═══ Recorded data ═══

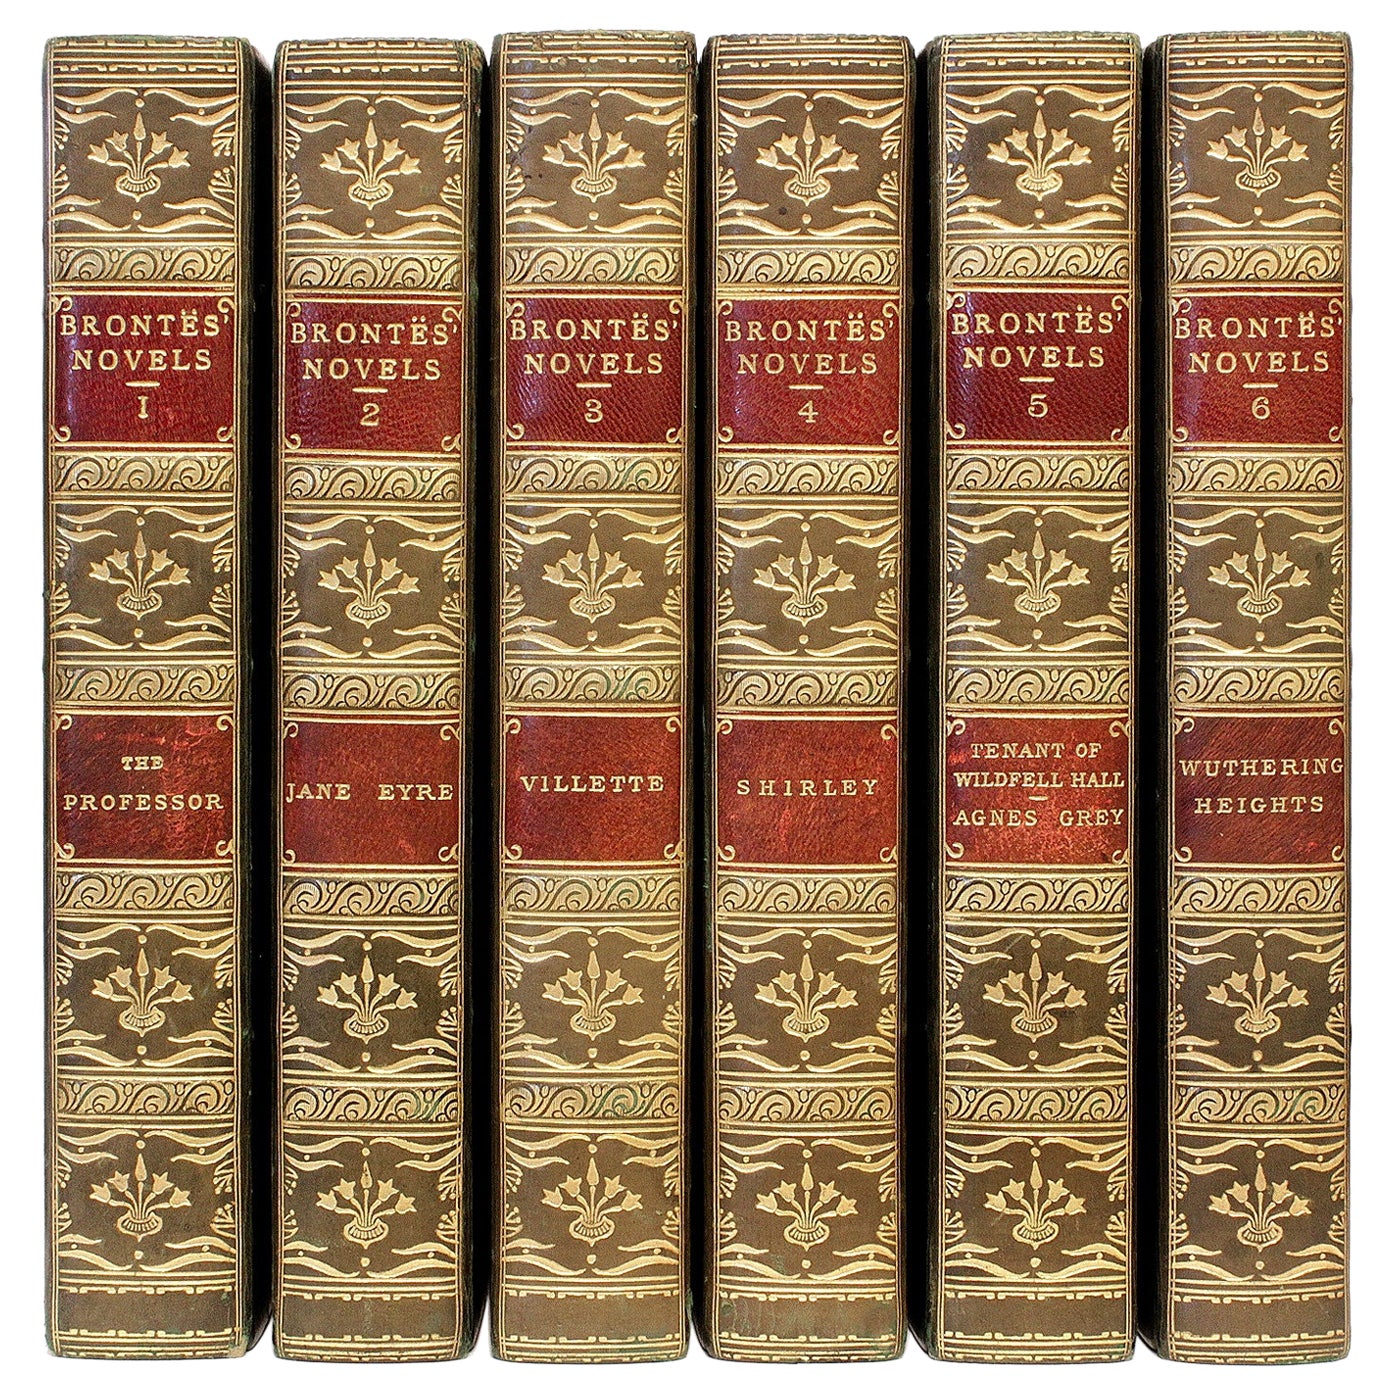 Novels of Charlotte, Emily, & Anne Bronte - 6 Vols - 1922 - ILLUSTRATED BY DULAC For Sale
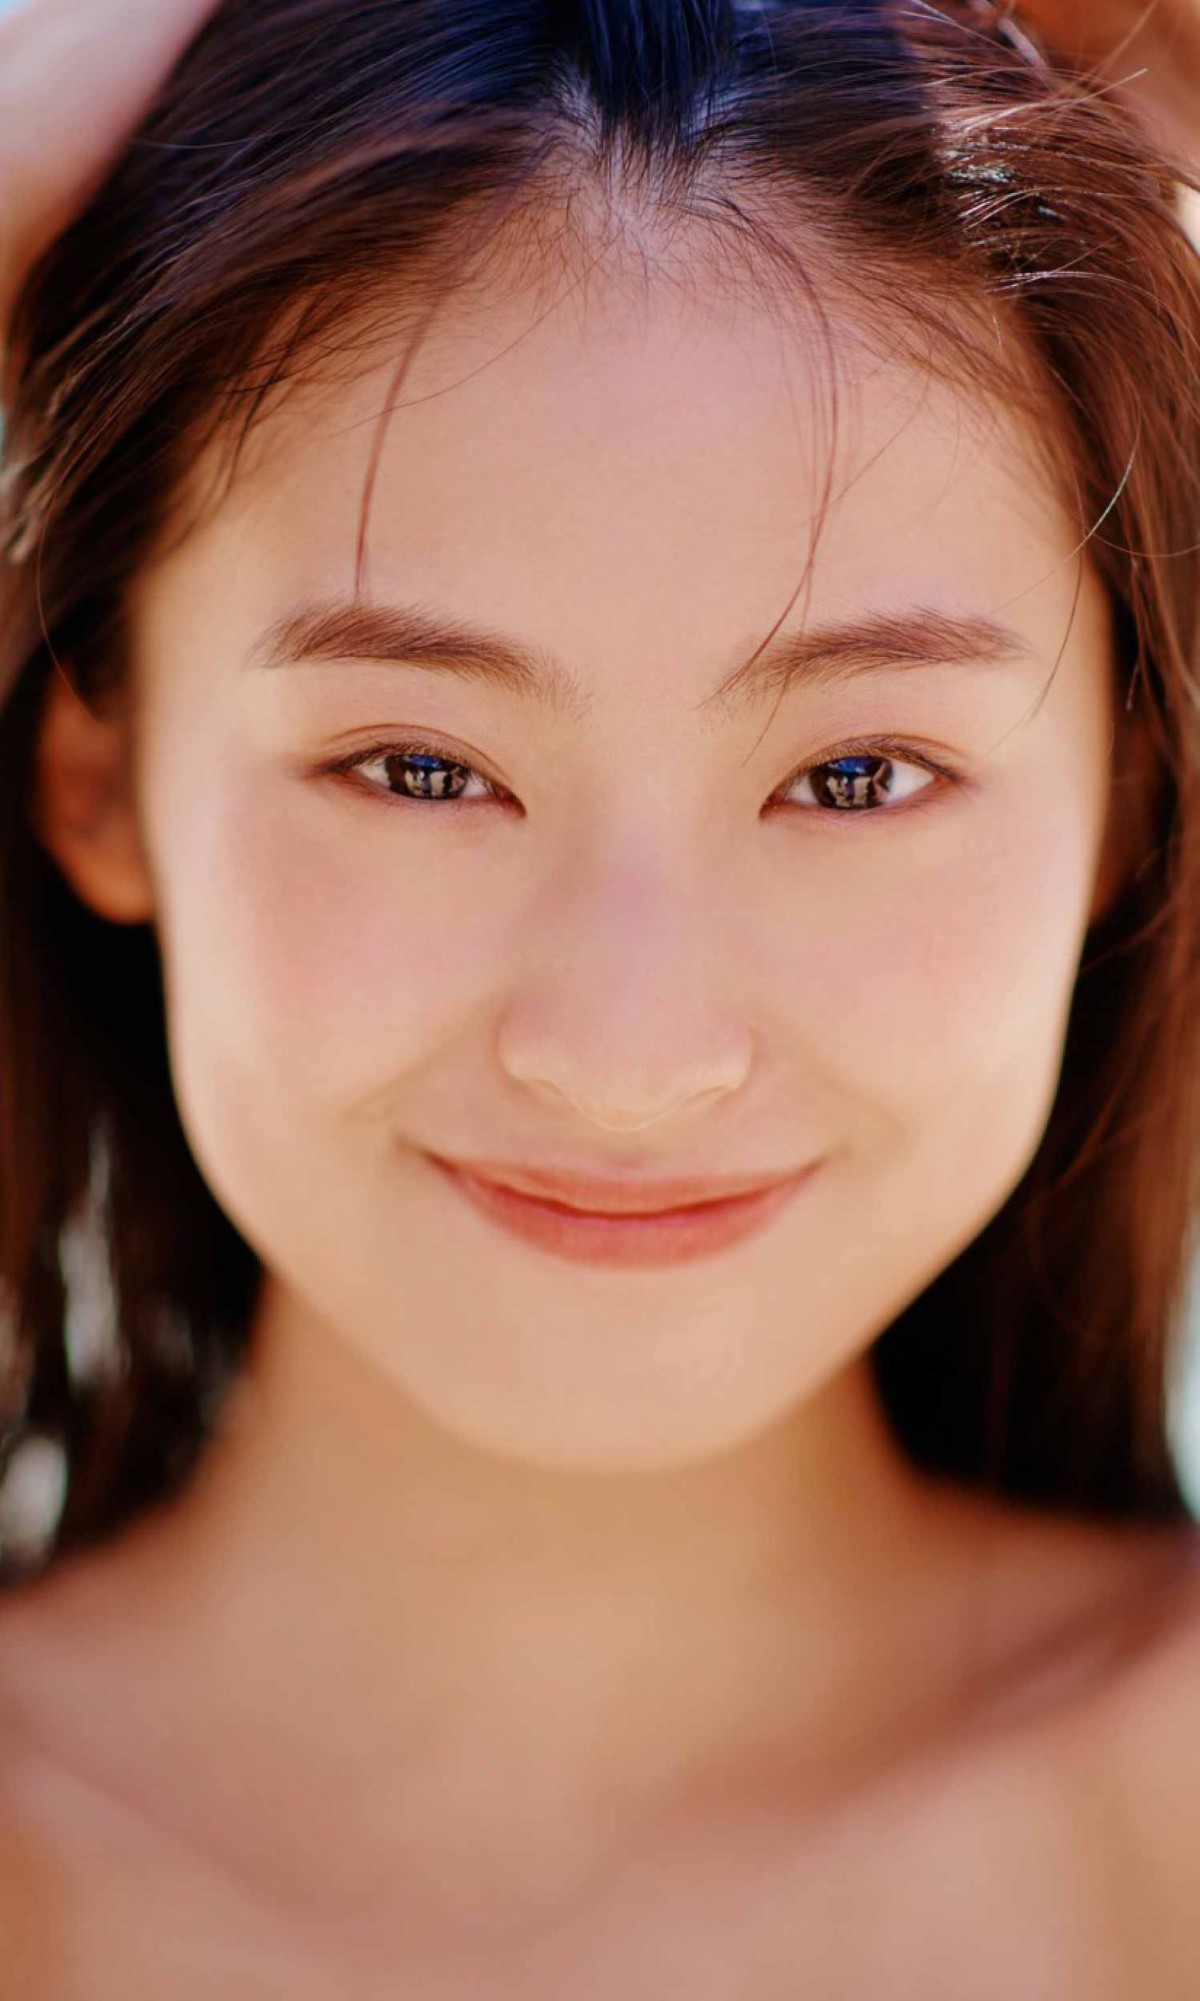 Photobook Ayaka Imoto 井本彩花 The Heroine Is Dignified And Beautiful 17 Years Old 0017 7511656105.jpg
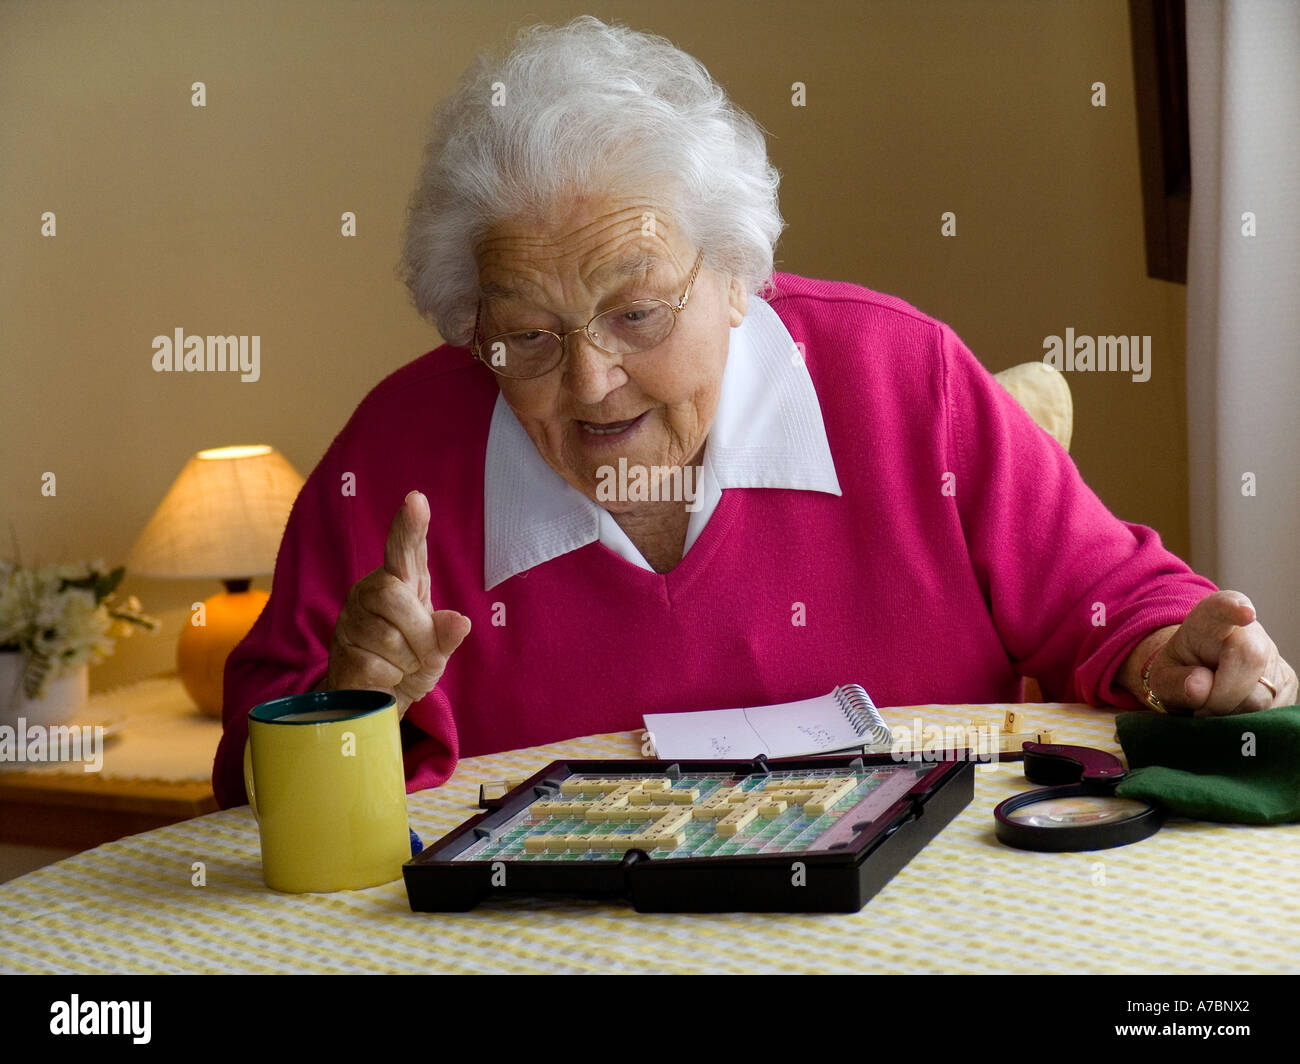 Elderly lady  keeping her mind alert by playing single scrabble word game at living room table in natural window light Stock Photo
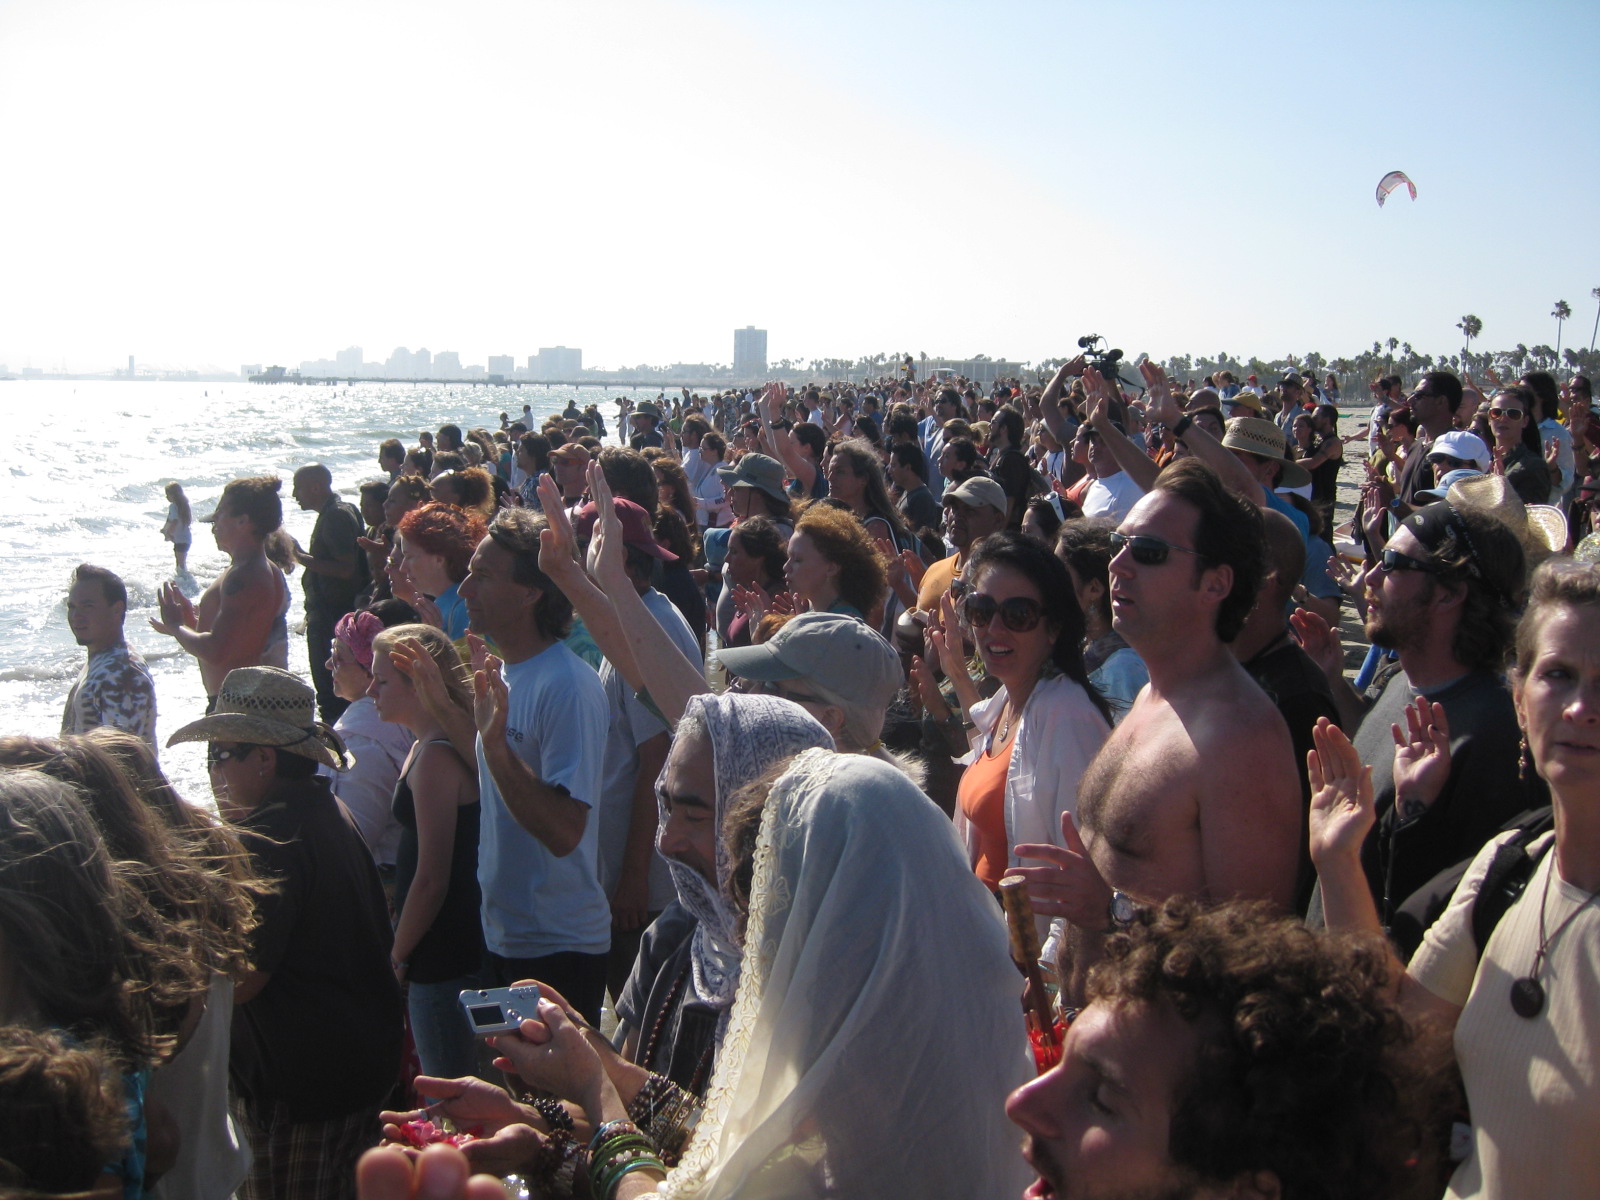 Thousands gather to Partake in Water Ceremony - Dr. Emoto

═══

Print the full listing again exactly, and drop every image from it.

Solution for this problem
 Novels of Charlotte, Emily, & Anne Bronte - 6 Vols - 1922 - ILLUSTRATED BY DULAC For Sale
 Photobook Ayaka Imoto 井本彩花 The Heroine Is Dignified And Beautiful 17 Years Old 0017 7511656105.jpg
 Elderly lady  keeping her mind alert by playing single scrabble word game at living room table in natural window light Stock Photo
 Thousands gather to Partake in Water Ceremony - Dr. Emoto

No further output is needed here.